*ABOUT THIS EXERCISE*
Return the data word for word. Pictures are to be omitted.

*DATA*
#####

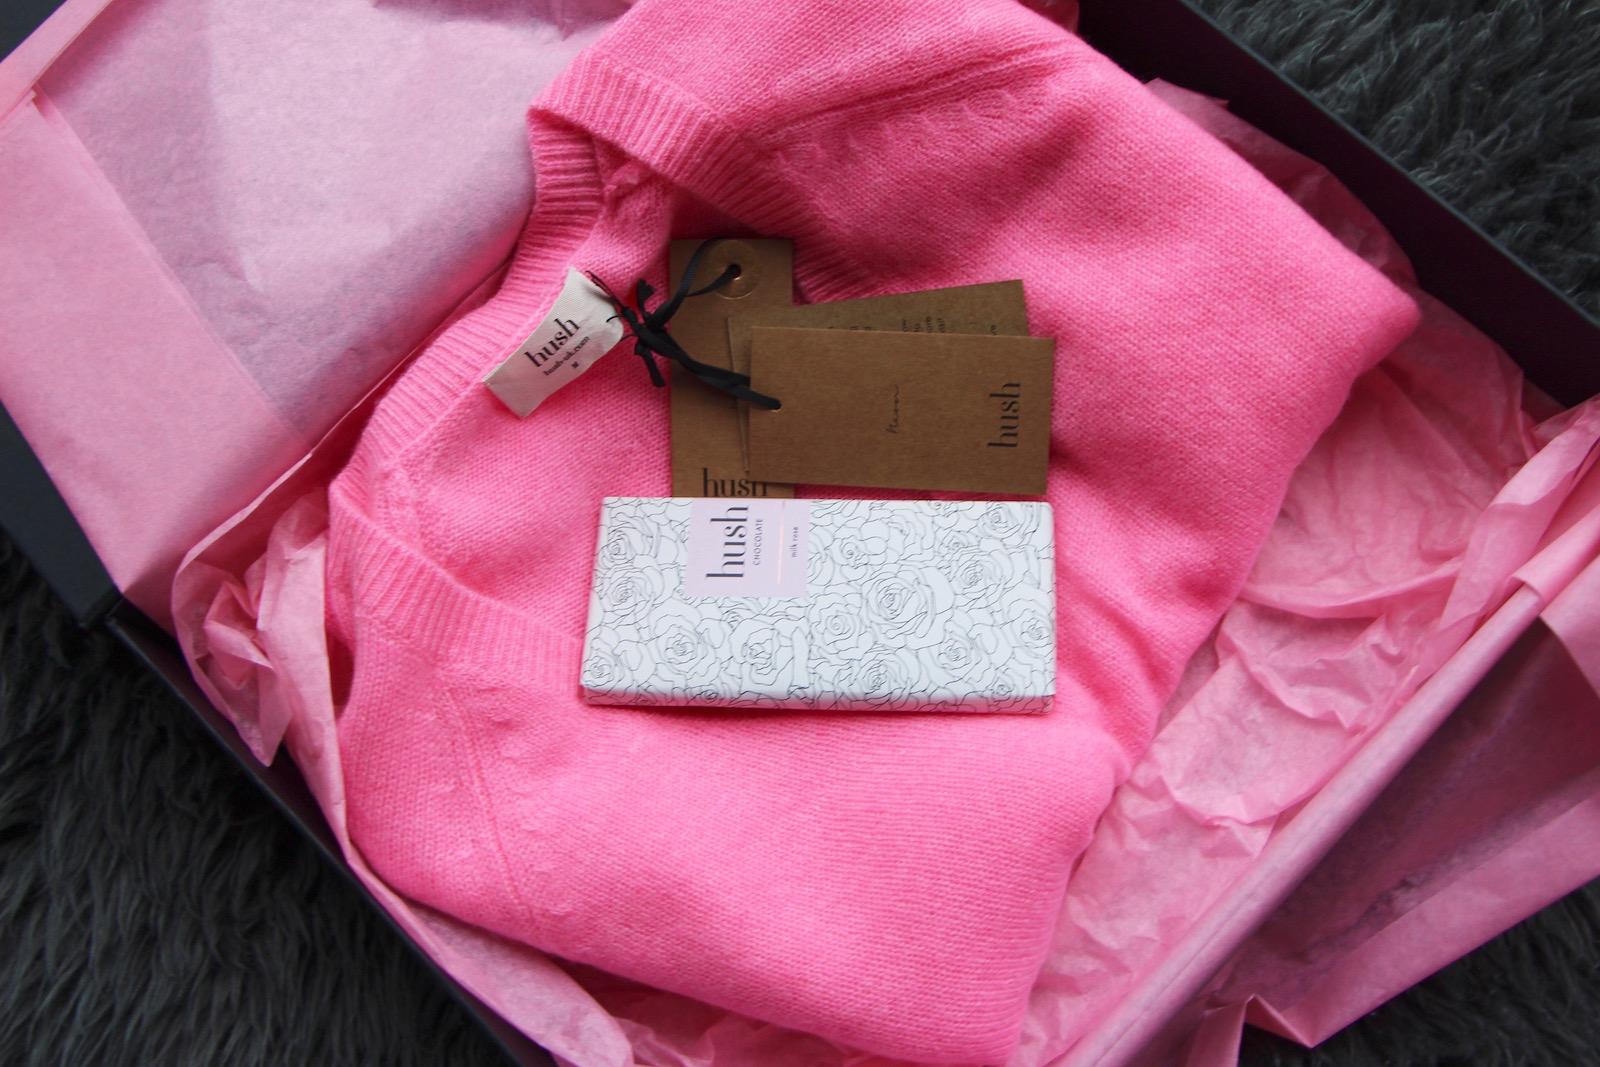 hush homewear gift set
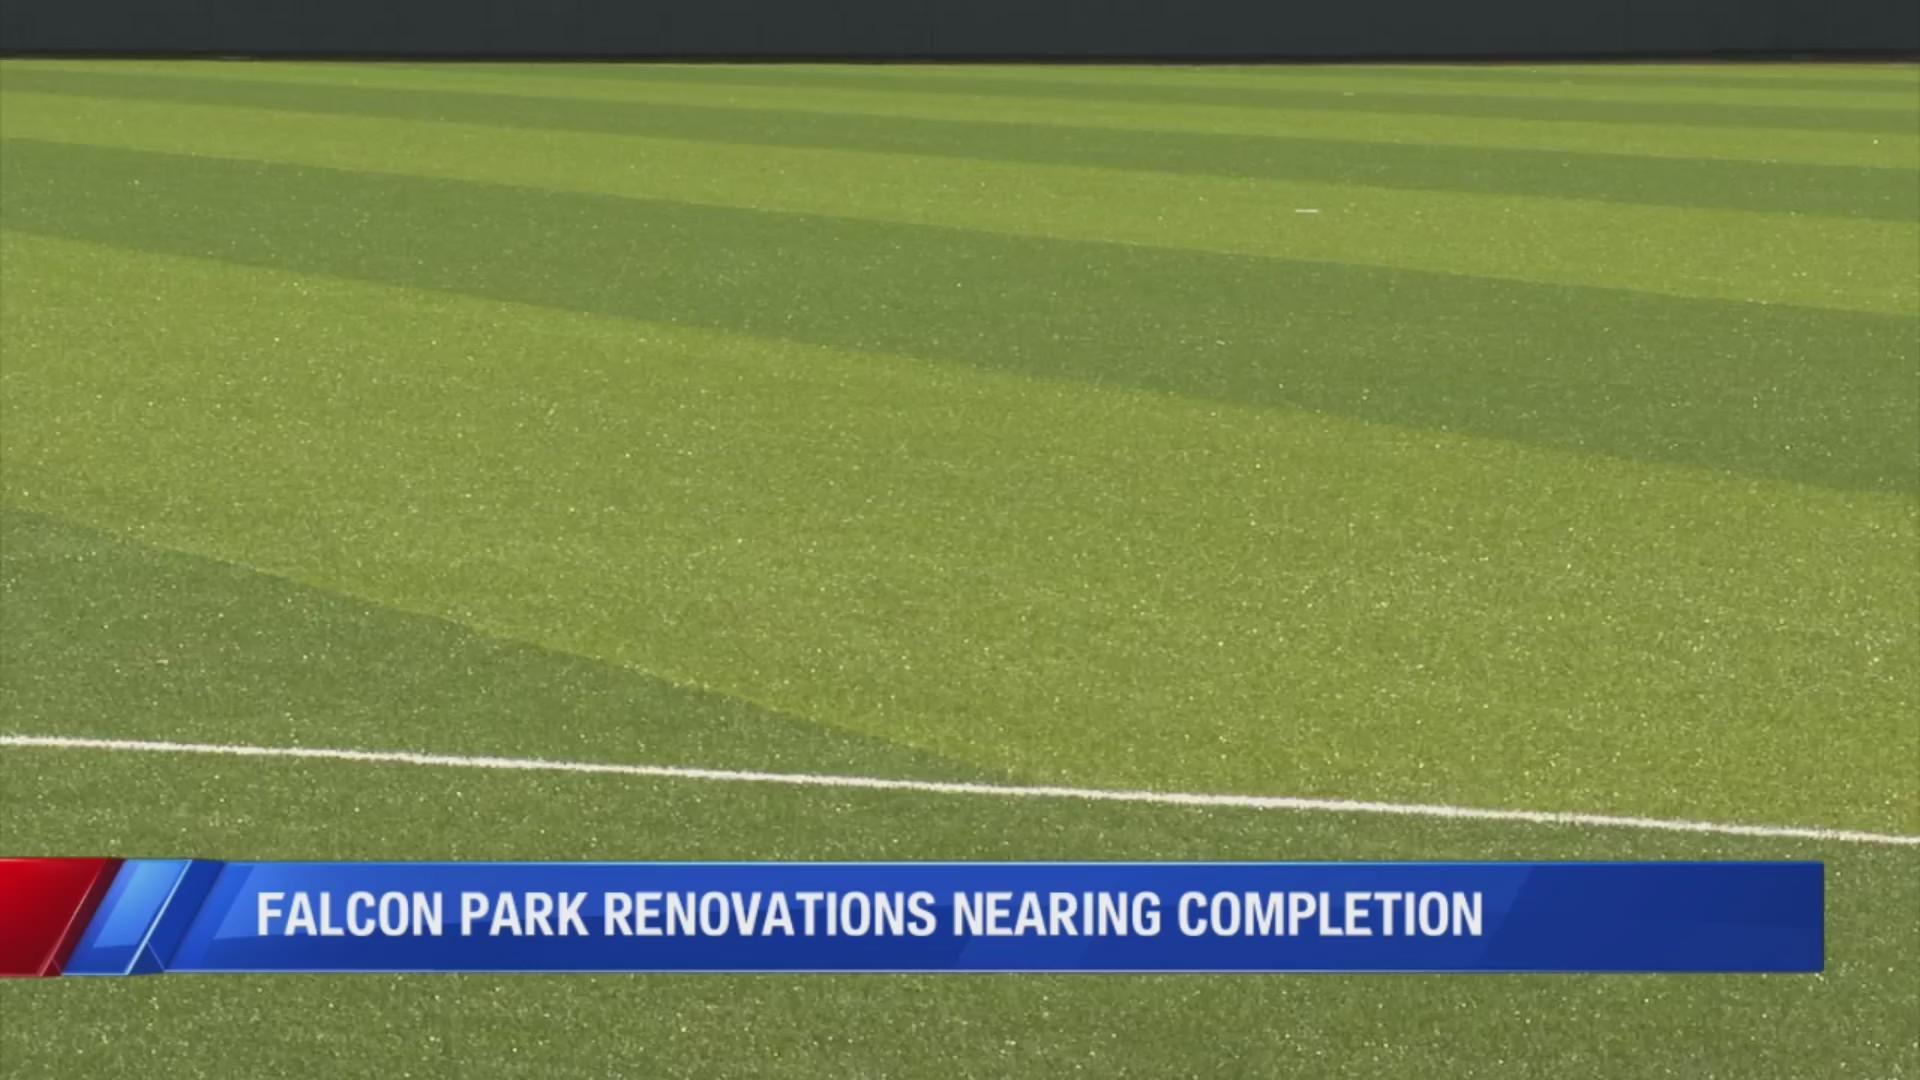 Falcon_Park_Renovations_Nearing_Completi_0_20190522135418
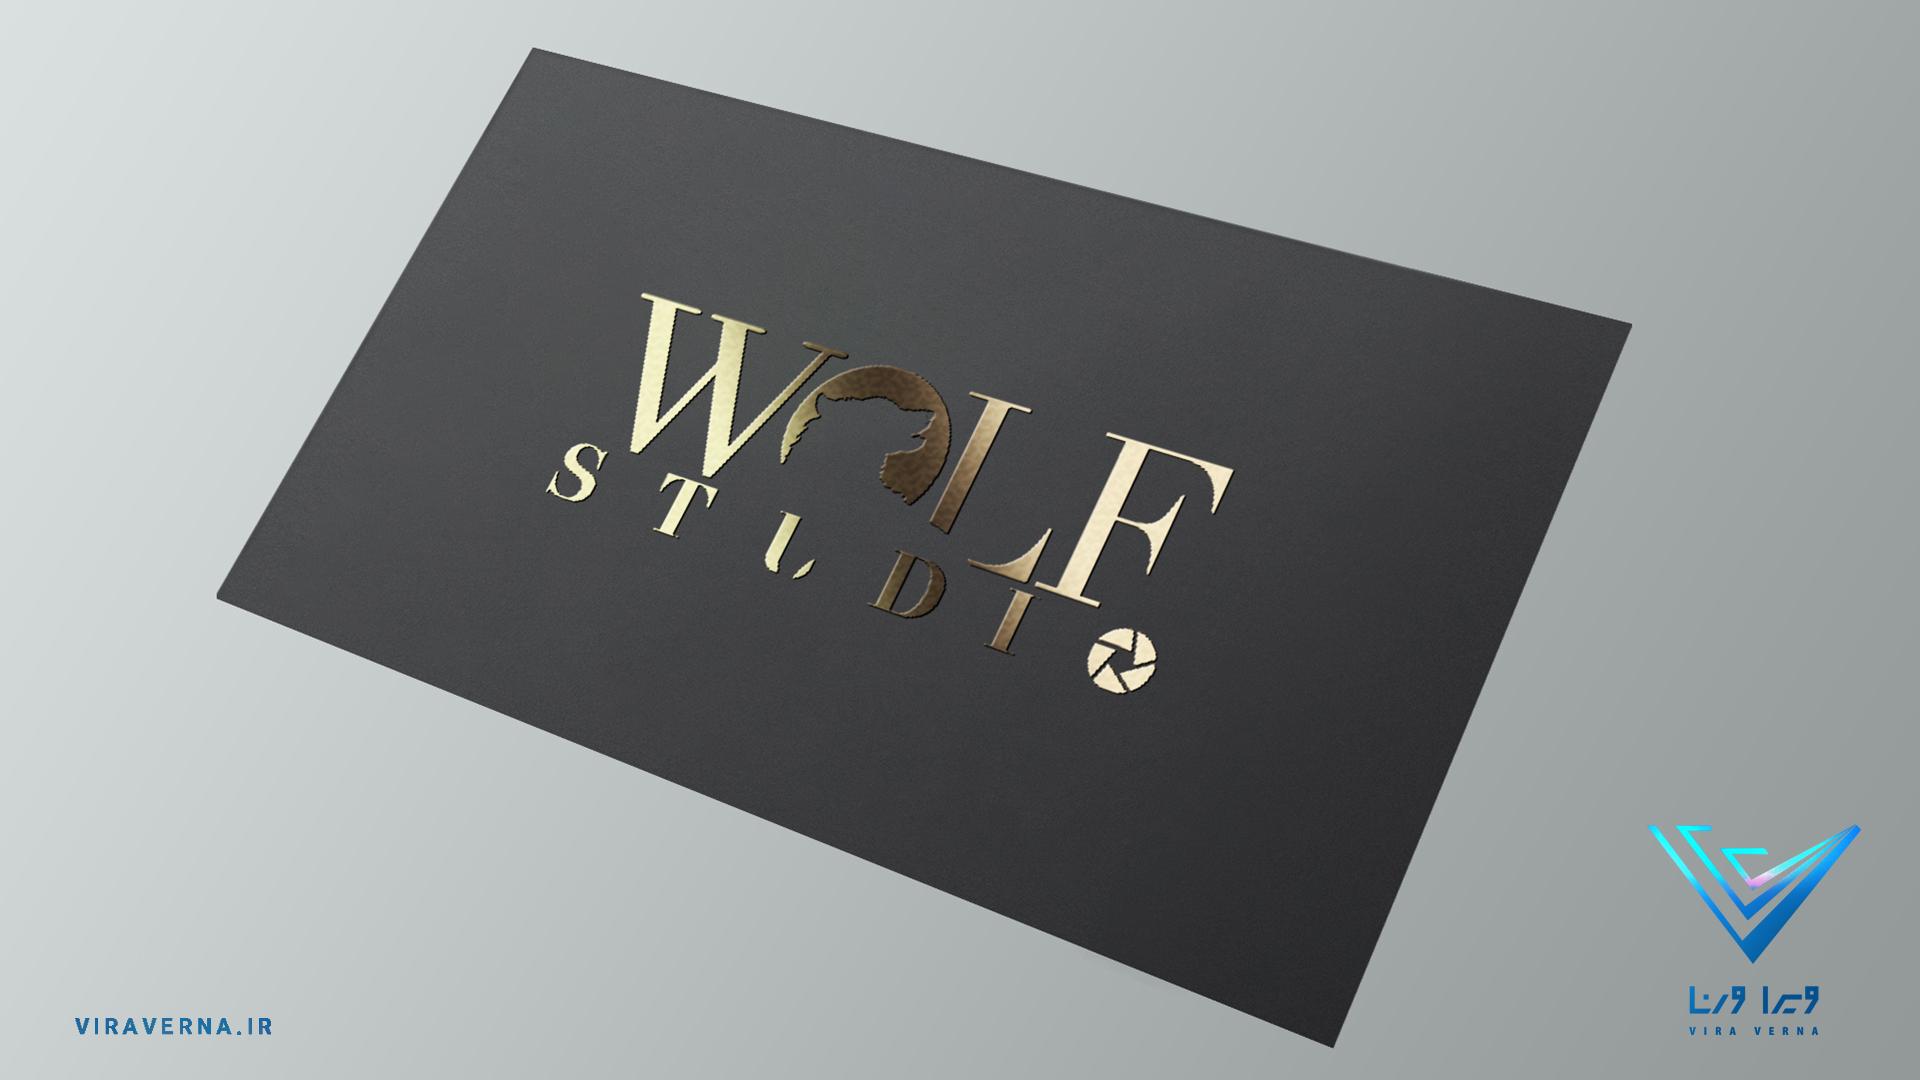 wolf-studio-04
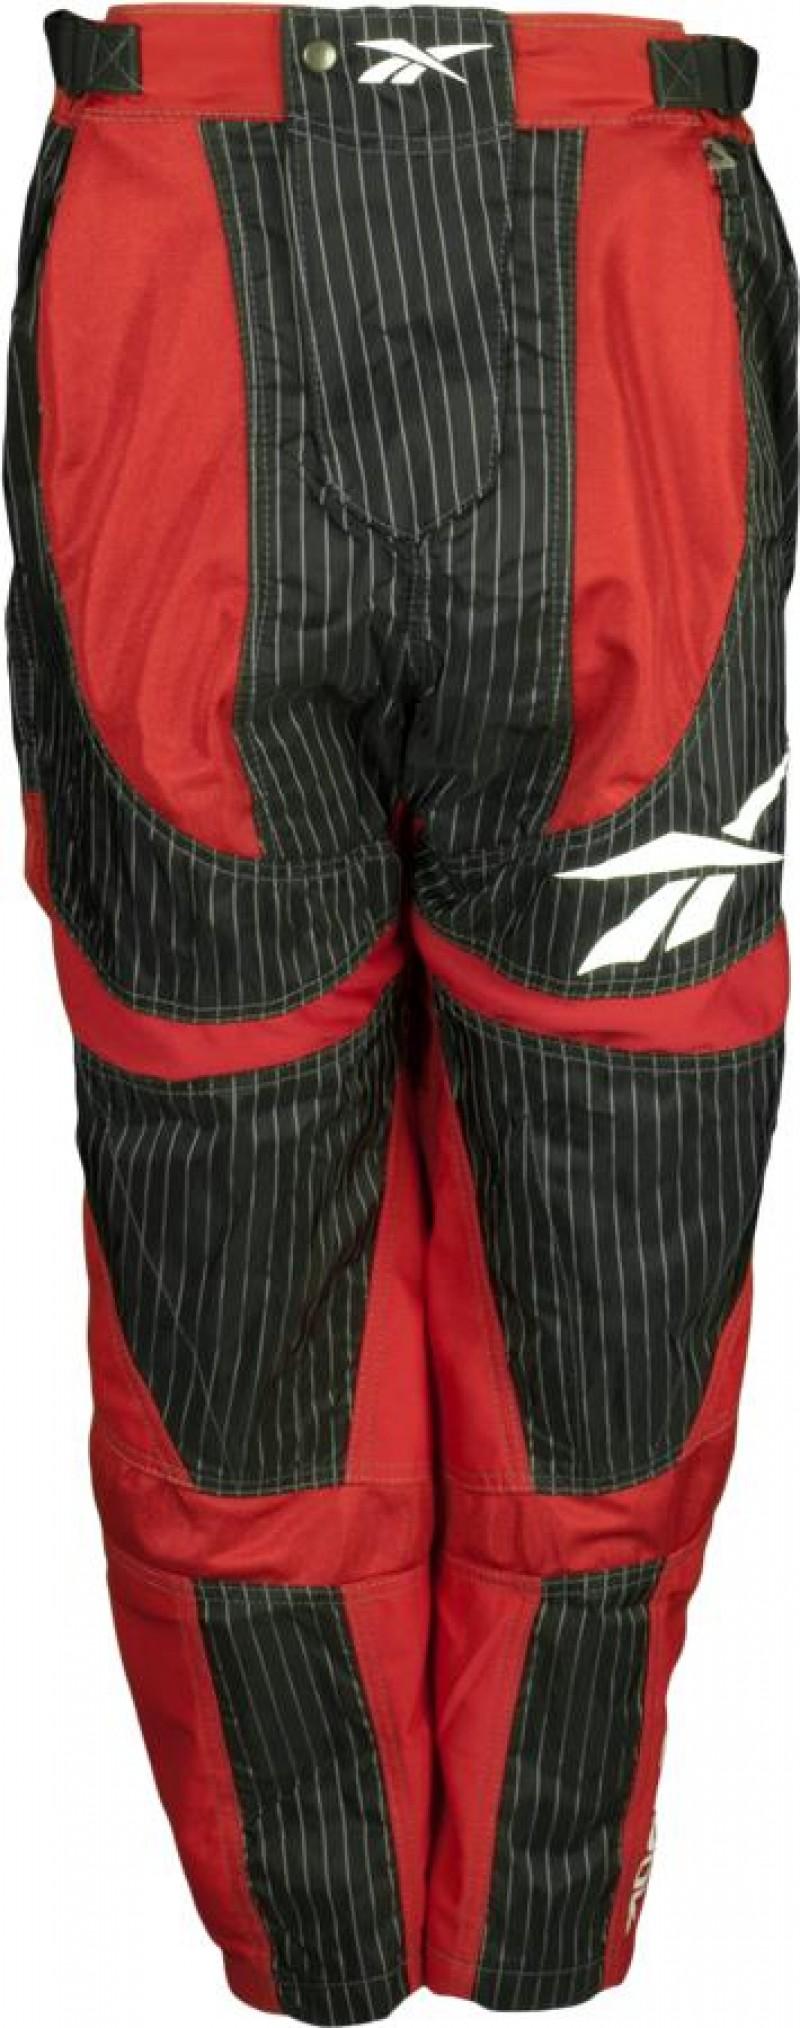 "Reebok 7K 2011"" Roller Hockey Pants"

#####

*SOLUTION*
 hush homewear gift set
 Falcon_Park_Renovations_Nearing_Completi_0_20190522135418
 wolf-studio-04
 "Reebok 7K 2011"" Roller Hockey Pants"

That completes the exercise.